The records:
Segment Open

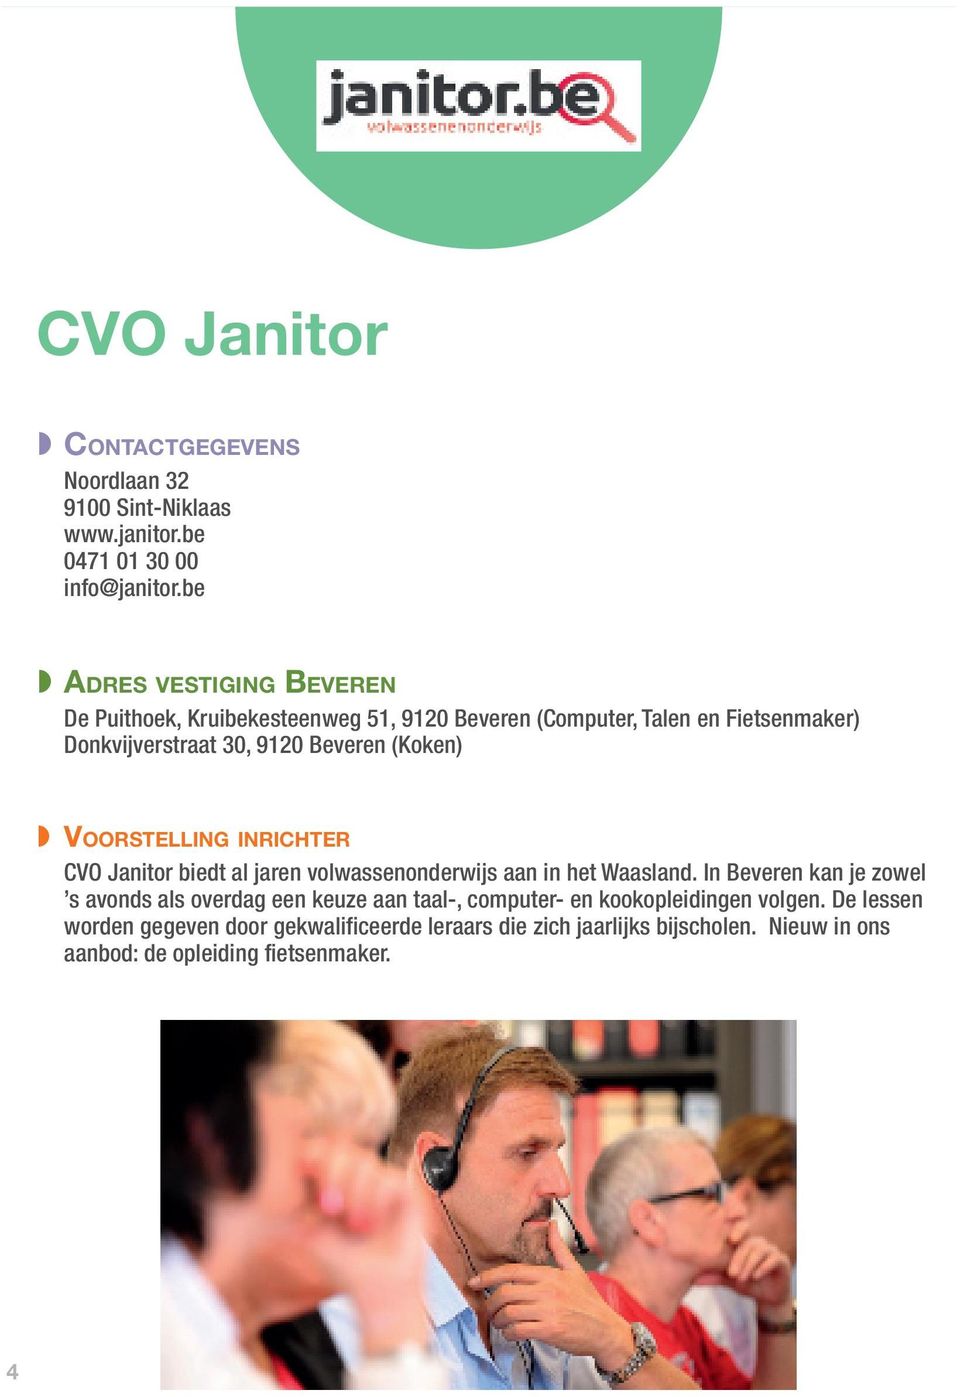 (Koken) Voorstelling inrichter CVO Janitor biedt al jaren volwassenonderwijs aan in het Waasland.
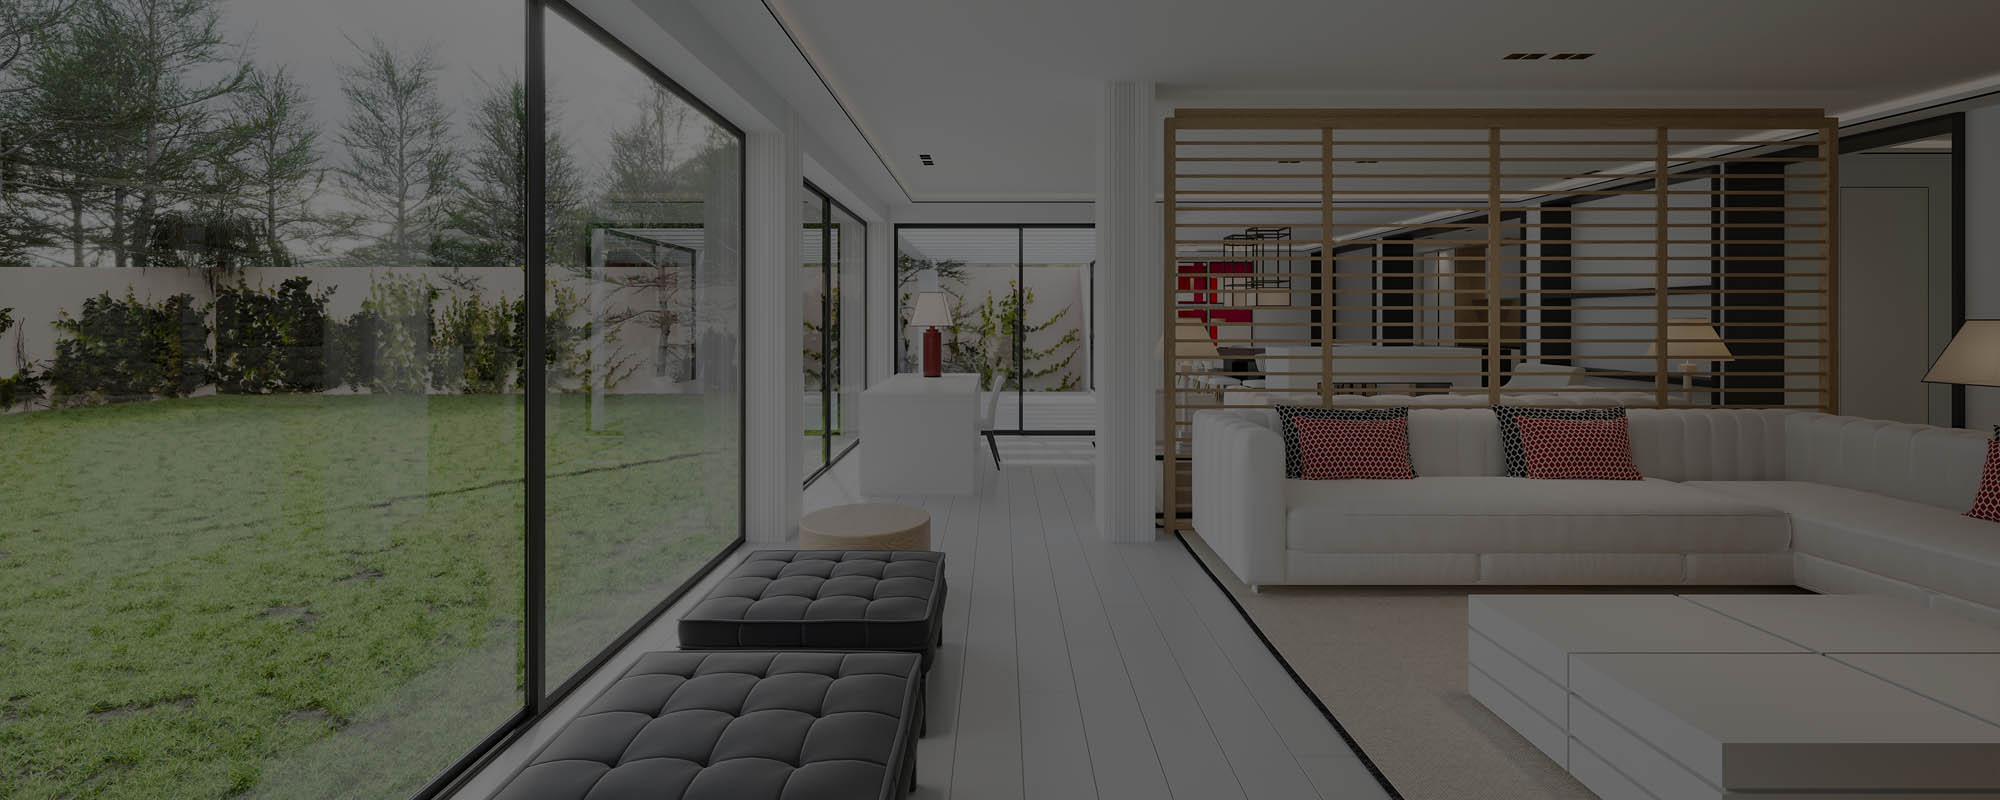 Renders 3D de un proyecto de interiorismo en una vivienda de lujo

Segment Closed
Segment Open

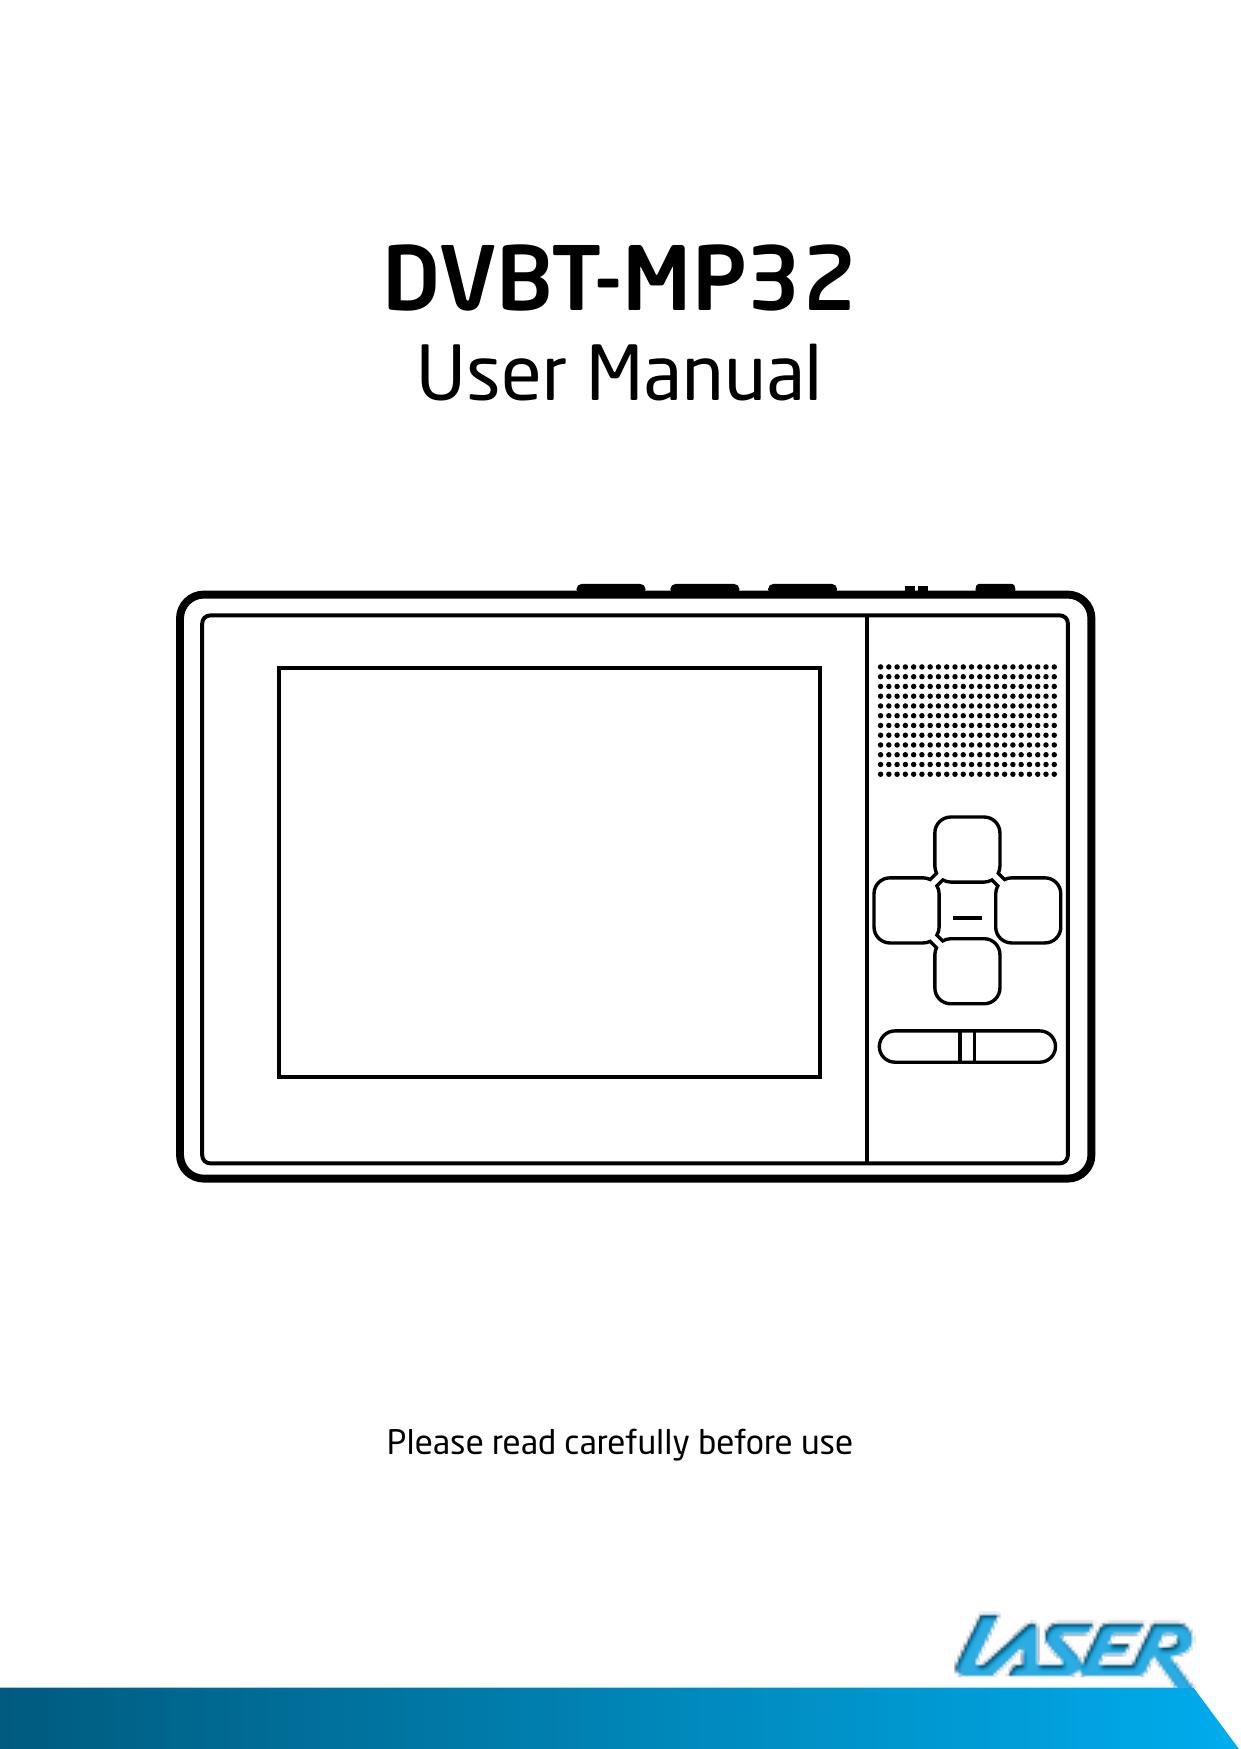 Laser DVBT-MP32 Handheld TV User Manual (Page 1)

Segment Closed

What the task asks: Restate word for word the lines of the data above that begin at the line with "(Koken) Voorstelling inrichter" and end at the line with "Renders 3D de", keeping both ends and dropping every picture.

Task solution:
 (Koken) Voorstelling inrichter CVO Janitor biedt al jaren volwassenonderwijs aan in het Waasland.
 Renders 3D de un proyecto de interiorismo en una vivienda de lujo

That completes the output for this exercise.